String quartet in by Anton Webern

Langsamer Satz (Slow Movement) is a composition for string quartet in one movement by Anton Webern, written in 1905.

== History ==
Webern was from 1904 a pupil of Arnold Schoenberg in Vienna. He composed Langsamer Satz for string quartet in June 1905, three years before his first work with an opus number, the Passacaglia for orchestra. The same year, he finished his first year as Schoenberg's pupil and also completed his dissertation in musicology about Heinrich Isaac.

In the spring of 1905, Webern had hiked with his cousin Wilhelmine Mortl, and future wife, outside Vienna, and fallen in love with her. The music is believed to have been inspired by his feelings for her. Webern's string quartet in one movement was also written this year..

The work was lost but rediscovered in the early 1960s when Hans and Rosaleen Moldenhauer found manuscripts in an attic in Perchtoldsdorf. It was published by Carl Fischer.

== Music ==
The music of Langsamer Satz is marked Langsam, mit bewegtem Ausdruck (Slow, with moving expression). The piece, in E-flat major, is still composed in the tradition of Johannes Brahms, especially in matters of sonority and rhetoric, while special effects such as tremolo sul ponticello are new, and a precursor of the String Quartet, Op. 5, written in 1909.

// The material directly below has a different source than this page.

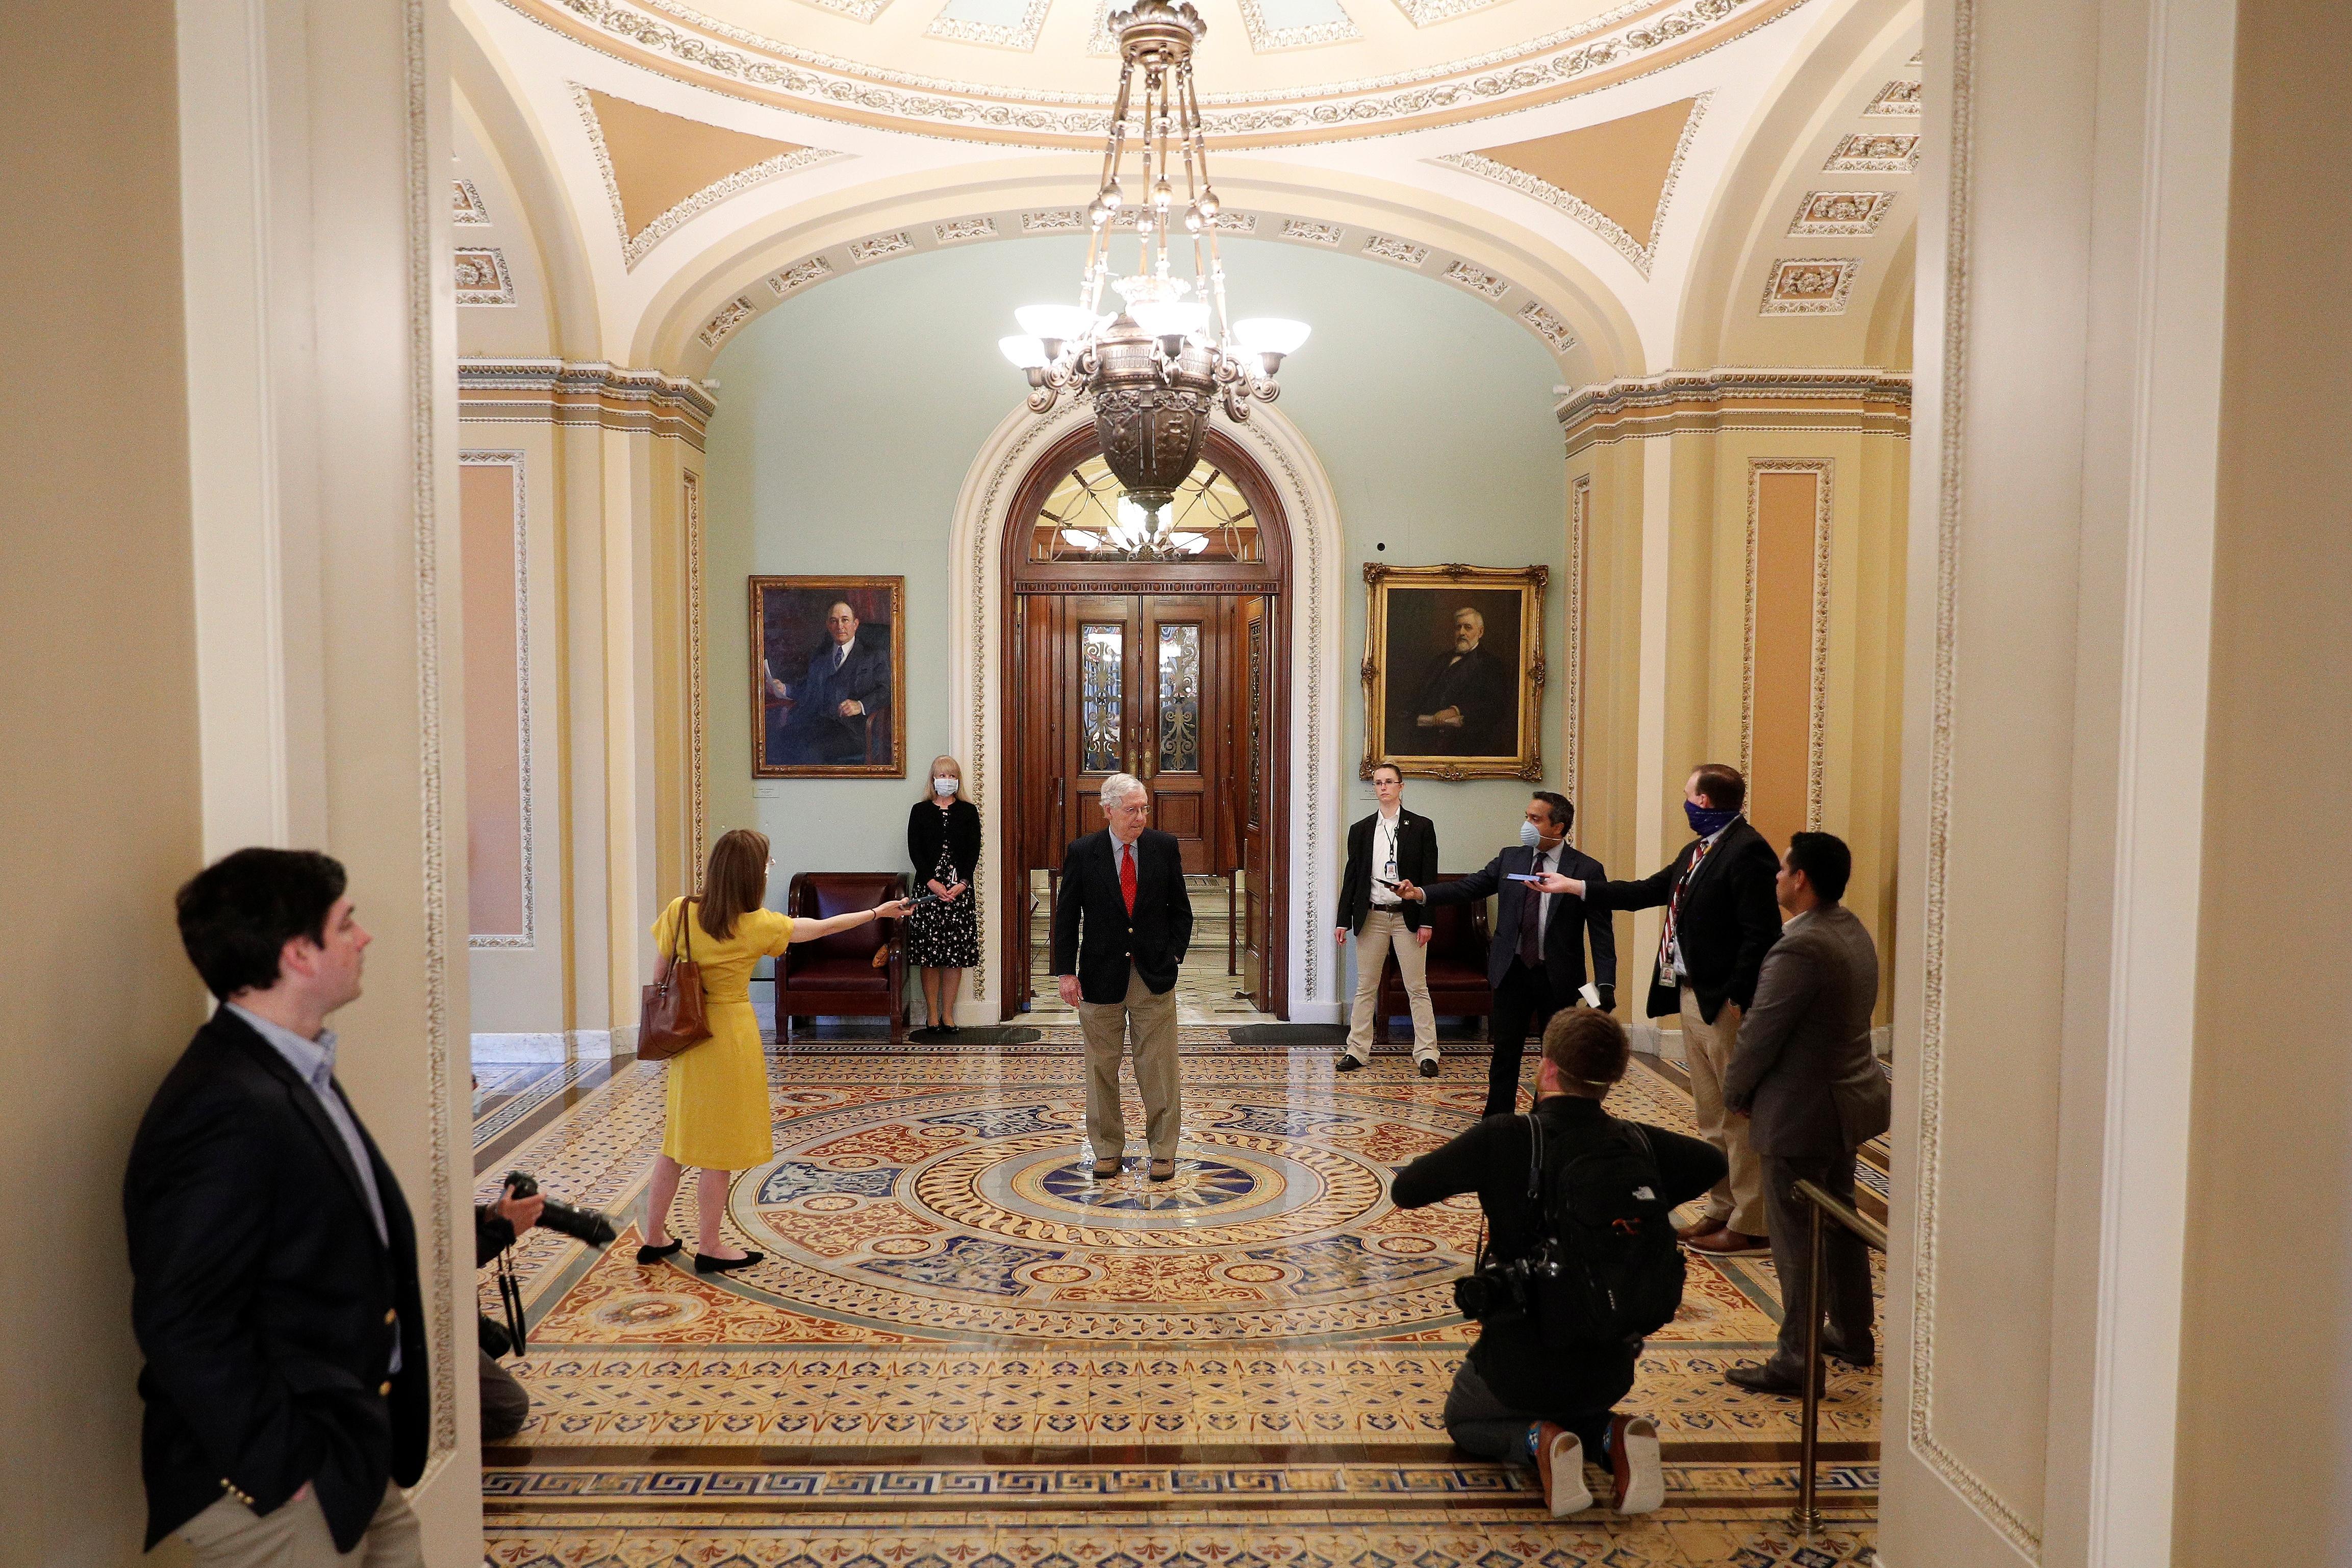 Le Congrès américain en pourparlers sur l'aide aux petites entreprises contre le coronavirus après un affrontement partisan

The style compares to Schoenberg's late-Romantic Verklärte Nacht. Described as "a love song to the woman he would later marry", the music is very expressive, portraying yearning, "dramatic turmoil" and peaceful tranquility. The duration is given as eight minutes.

== Recordings ==
Langsamer Satz was recorded in 2018 by the Airis Quartet in a collection with string quartets by Karl Amadeus Hartmann. It was recorded in 2019 by the Arod Quartet, together with works by Schoenberg and Alexander von Zemlinsky. A reviewer from Gramophone wrote that the quartet was played "breathtakingly clean, like mountain air" and was able to evoke a flower meadow. The Leonkoro Quartet issued a new recording in 2026.